*Exercise goal*: Instruction for the entries that follow: retype exactly the lines from the line with "Star Micronics SP320S" to the line with "Heart and Soul (Midnight Blue) - Shirt", both included, and omit all others.

*Stored data entries*:
►

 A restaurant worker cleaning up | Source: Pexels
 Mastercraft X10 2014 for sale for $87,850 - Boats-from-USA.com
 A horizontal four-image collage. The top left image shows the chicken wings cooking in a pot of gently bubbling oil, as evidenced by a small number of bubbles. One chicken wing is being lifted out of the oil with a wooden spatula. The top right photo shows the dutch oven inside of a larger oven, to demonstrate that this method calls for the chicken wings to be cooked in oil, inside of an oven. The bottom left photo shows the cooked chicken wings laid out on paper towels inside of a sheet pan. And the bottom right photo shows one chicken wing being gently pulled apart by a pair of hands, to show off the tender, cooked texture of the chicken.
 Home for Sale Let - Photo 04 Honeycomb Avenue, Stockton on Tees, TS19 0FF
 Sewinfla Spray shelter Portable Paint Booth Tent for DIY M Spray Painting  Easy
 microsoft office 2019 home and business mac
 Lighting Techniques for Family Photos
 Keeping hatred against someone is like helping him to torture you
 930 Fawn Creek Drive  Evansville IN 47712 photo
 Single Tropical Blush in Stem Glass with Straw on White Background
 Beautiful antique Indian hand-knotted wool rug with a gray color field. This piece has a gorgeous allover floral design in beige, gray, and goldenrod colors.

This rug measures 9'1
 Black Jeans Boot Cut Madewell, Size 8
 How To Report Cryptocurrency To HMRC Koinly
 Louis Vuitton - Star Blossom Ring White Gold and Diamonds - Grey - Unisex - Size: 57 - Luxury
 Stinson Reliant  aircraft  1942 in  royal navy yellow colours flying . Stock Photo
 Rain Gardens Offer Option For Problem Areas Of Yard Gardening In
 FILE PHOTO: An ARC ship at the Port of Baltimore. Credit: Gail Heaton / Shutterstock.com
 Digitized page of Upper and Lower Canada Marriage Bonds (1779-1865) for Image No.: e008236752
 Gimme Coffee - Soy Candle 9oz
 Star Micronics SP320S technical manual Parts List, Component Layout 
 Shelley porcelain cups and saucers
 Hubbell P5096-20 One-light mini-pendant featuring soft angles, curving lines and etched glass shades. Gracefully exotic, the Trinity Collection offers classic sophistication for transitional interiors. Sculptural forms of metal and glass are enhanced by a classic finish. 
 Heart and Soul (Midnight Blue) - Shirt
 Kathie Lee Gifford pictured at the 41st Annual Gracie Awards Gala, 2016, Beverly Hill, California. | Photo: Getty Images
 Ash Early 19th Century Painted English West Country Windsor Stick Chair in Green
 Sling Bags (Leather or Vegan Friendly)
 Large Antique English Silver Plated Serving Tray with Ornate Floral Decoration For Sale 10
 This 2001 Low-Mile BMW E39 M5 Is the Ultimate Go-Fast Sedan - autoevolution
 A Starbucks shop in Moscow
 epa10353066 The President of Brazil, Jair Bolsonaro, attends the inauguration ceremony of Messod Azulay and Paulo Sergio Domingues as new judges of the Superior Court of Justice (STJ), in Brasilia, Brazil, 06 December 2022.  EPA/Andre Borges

◄

*Solution for this exercise*:
 Star Micronics SP320S technical manual Parts List, Component Layout 
 Shelley porcelain cups and saucers
 Hubbell P5096-20 One-light mini-pendant featuring soft angles, curving lines and etched glass shades. Gracefully exotic, the Trinity Collection offers classic sophistication for transitional interiors. Sculptural forms of metal and glass are enhanced by a classic finish. 
 Heart and Soul (Midnight Blue) - Shirt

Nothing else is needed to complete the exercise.